Il a été dit que les deux mesures phares (augmentation progressive de l’âge légal de retraite à 64 ans et augmentation progressive de la durée d’assurance à 172 trimestres, soit 43 ans) n’auraient que peu ou pas d’incidence sur la carrière des avocats, dans la mesure où ils liquident en moyenne leurs droits à la retraite à 65,6 ans, soit au-delà de l’âge légal, et bien au-delà de la moyenne des salariés du régime général (et de la moyenne des travailleurs, en ce compris les ressortissants des régimes spéciaux).

ÉVOLUTIONS DÉMOGRAPHIQUES
En réalité, il convient d’observer avec attention les évolutions démographiques récentes de la profession pour nuancer un peu l’absence d’impact à venir de la réforme sur notre profession.
Ainsi, les pensionnés sont encore très majoritairement des hommes ; nous savons la forte féminisation de la profession d’avocat (57,7 %) ; or, le niveau de revenus des femmes (soit l’assiette des cotisations, qui détermine les ressources des régimes et l’ensemble des droits au régime complémentaire en stock) est très nettement moindre que celui des hommes, à l’exception du début de carrière.
Par ailleurs, les premières affiliations se déplacent de la tranche 20-24 ans à la tranche 25-29 (et même 18 % de 31 ans et +) ; l’âge moyen de 1ère affiliation est 28,9 ans en 2021.
Enfin, 88 % des nouveaux pensionnés justifient de trimestres validés par d’autres régimes, sans qu’on sache à quel moment de leur vie professionnelle ils ont généré ces droits.
En tout état de cause, et au regard de ces données démographiques, il est parfaitement clair que cette réforme aura un impact important sur la carrière des avocats ; compte tenu de la condition de durée d’assurance et d’âge pour le taux plein, l’âge moyen à la liquidation devrait augmenter.

infographie sur les chiffres clés de la retraite des avocats

Par ailleurs, la réforme envisage d’aborder des points sur lesquels il conviendra d’être vigilant, tant la profession d’avocats y répond actuellement par des dispositifs singuliers :

  • L’unification du recouvrement des cotisations (exposé des motifs du projet).
  • La « meilleure adéquation » entre cotisation et droits acquis, qui semble aller à rebours de notre système fondé sur la solidarité par le caractère forfaitaire de la pension de retraite de base.
  • Les droits familiaux (majoration de la retraite de base pour les personnes ayant eu 3 enfants au moins demandée par la caisse d’assurance vieillesse des professionnels libéraux).
  • Le cumul emploi-retraite ou la retraite progressive (à l’heure actuelle, le dispositif permet à des avocats ayant liquidé leurs pensions auprès de tous les régimes de poursuivre leur activité professionnelle, en cotisant sans contrepartie de droits).
  • Les réversions (à l’heure actuelle, les pensions de réversion sont versées aux ayants droit des avocats sans conditions de ressources).
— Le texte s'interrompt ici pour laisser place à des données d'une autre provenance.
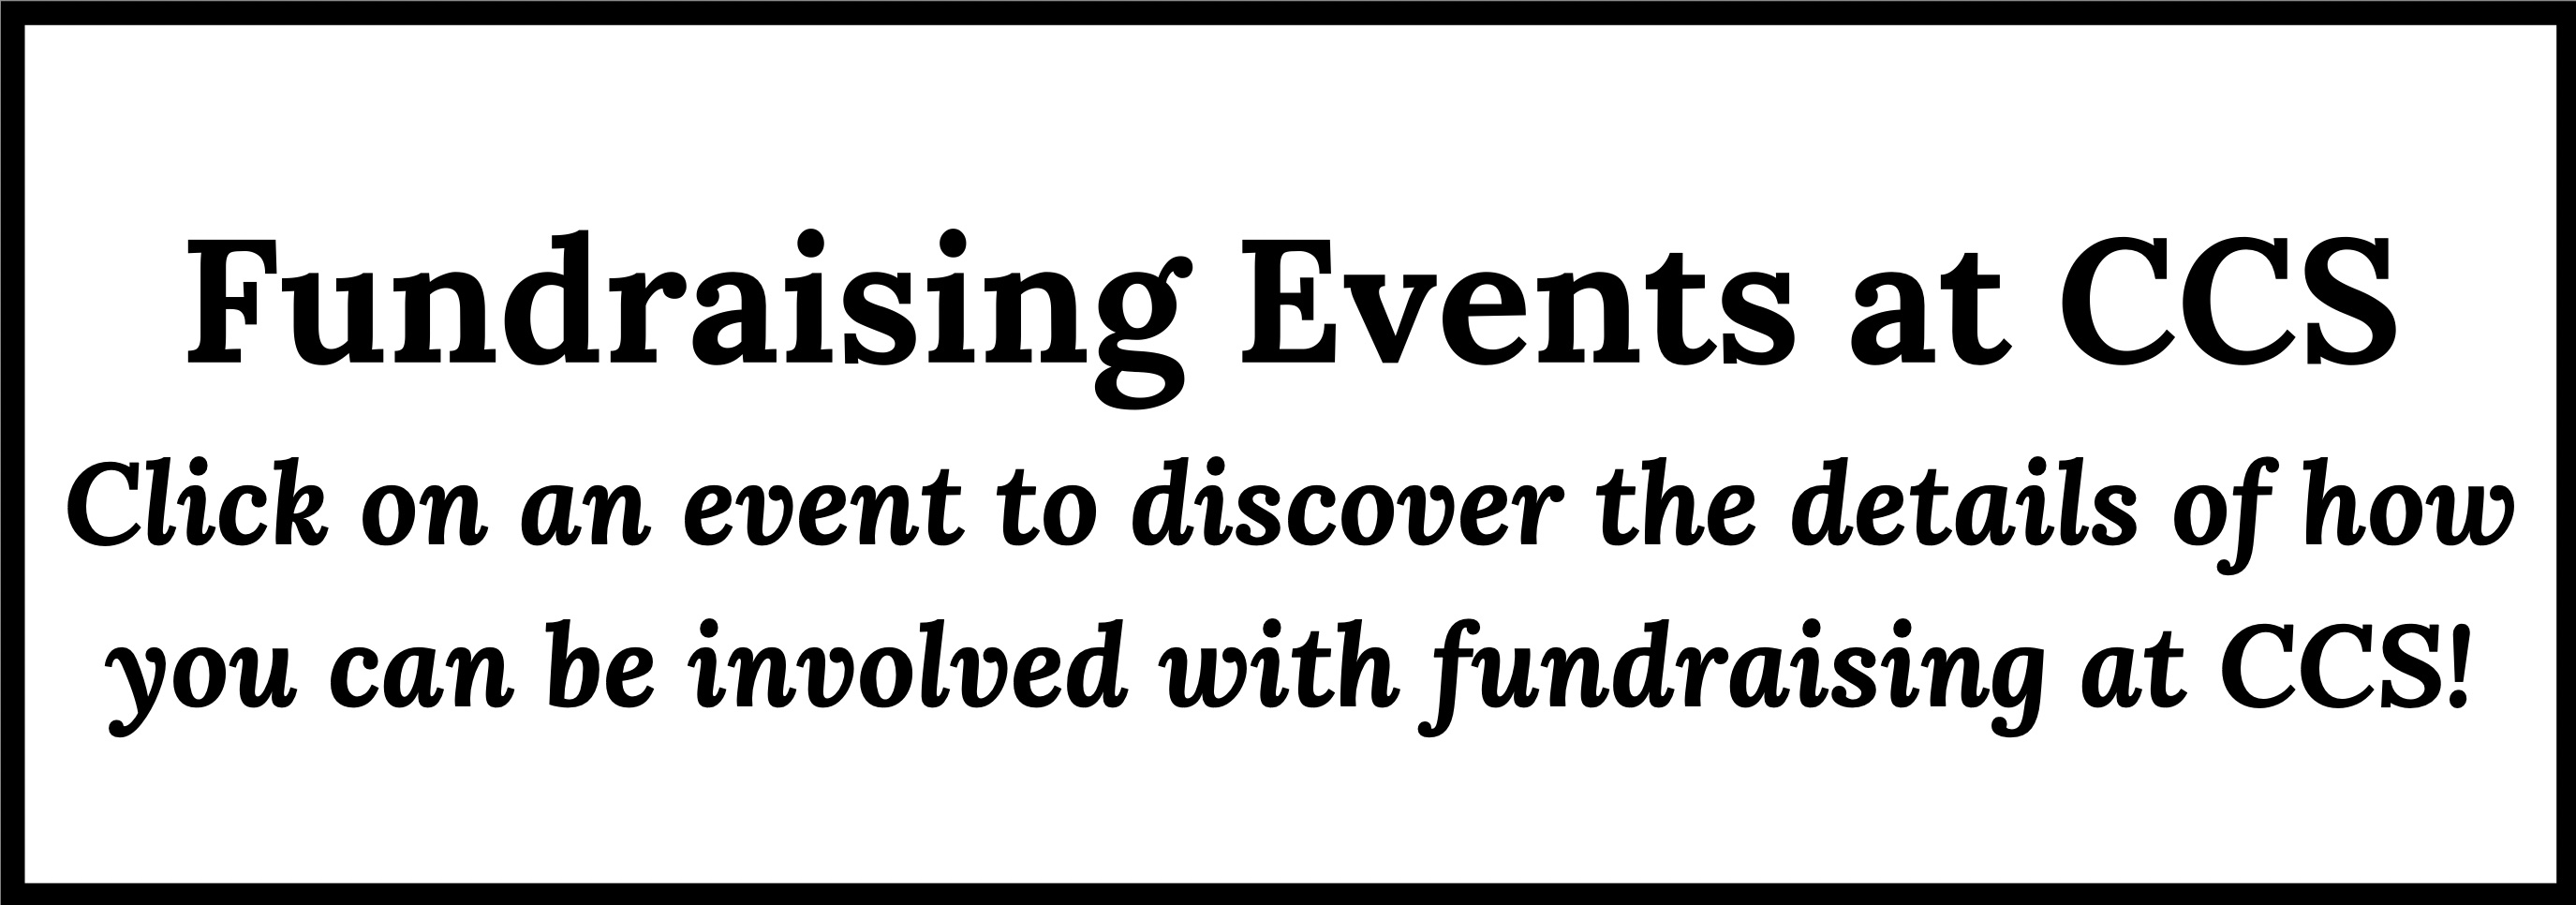 Fundraising Events at CCS
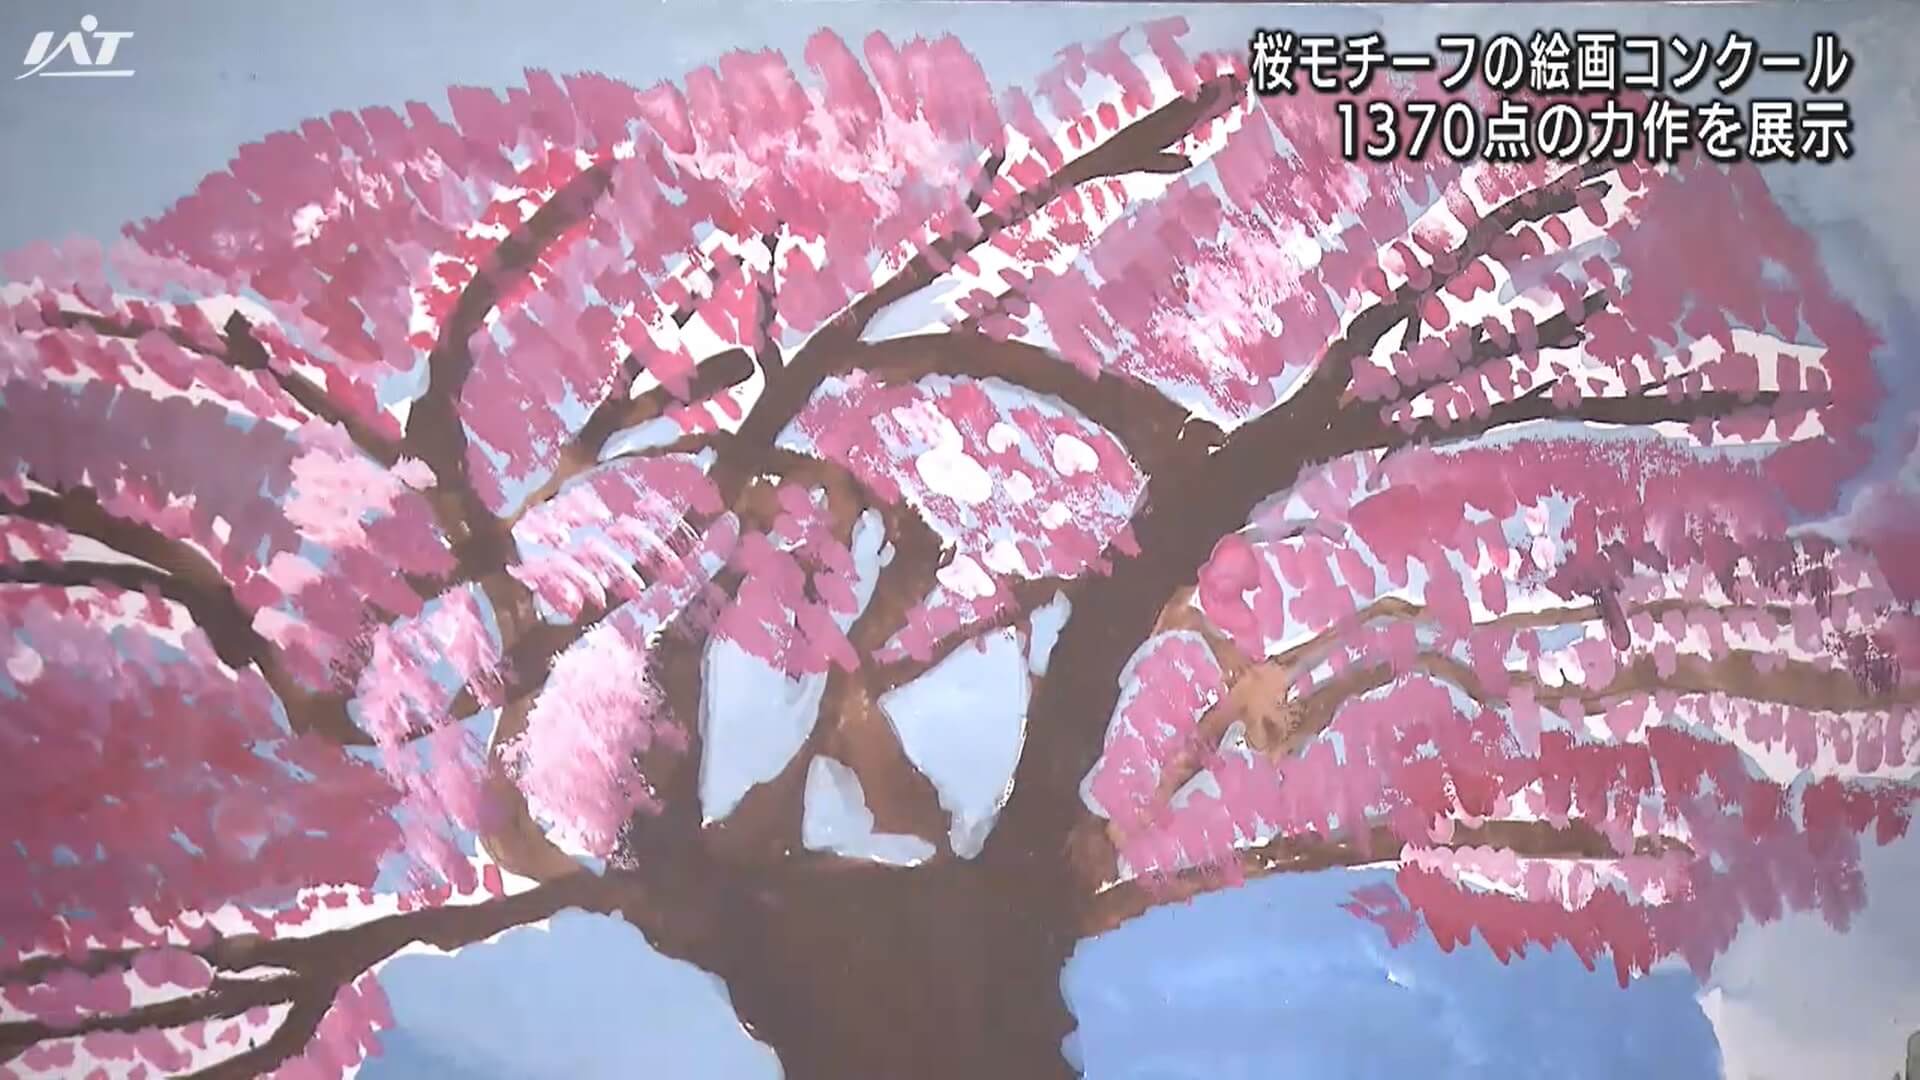 桜の礼所・絵画コンクール作品展【岩手・盛岡市】

On peut toutefois espérer que la réforme soit l’occasion pour la profession de redéfinir ses socles de solidarité et les processus mis en œuvre pour les sécuriser, et de s’interroger sur les causes des inégalités encore constatées, comme l’importante disparité des revenus entre les hommes et les femmes et l’insuffisante rétribution des avocats qui acceptent d’intervenir au titre de l’aide juridictionnelle.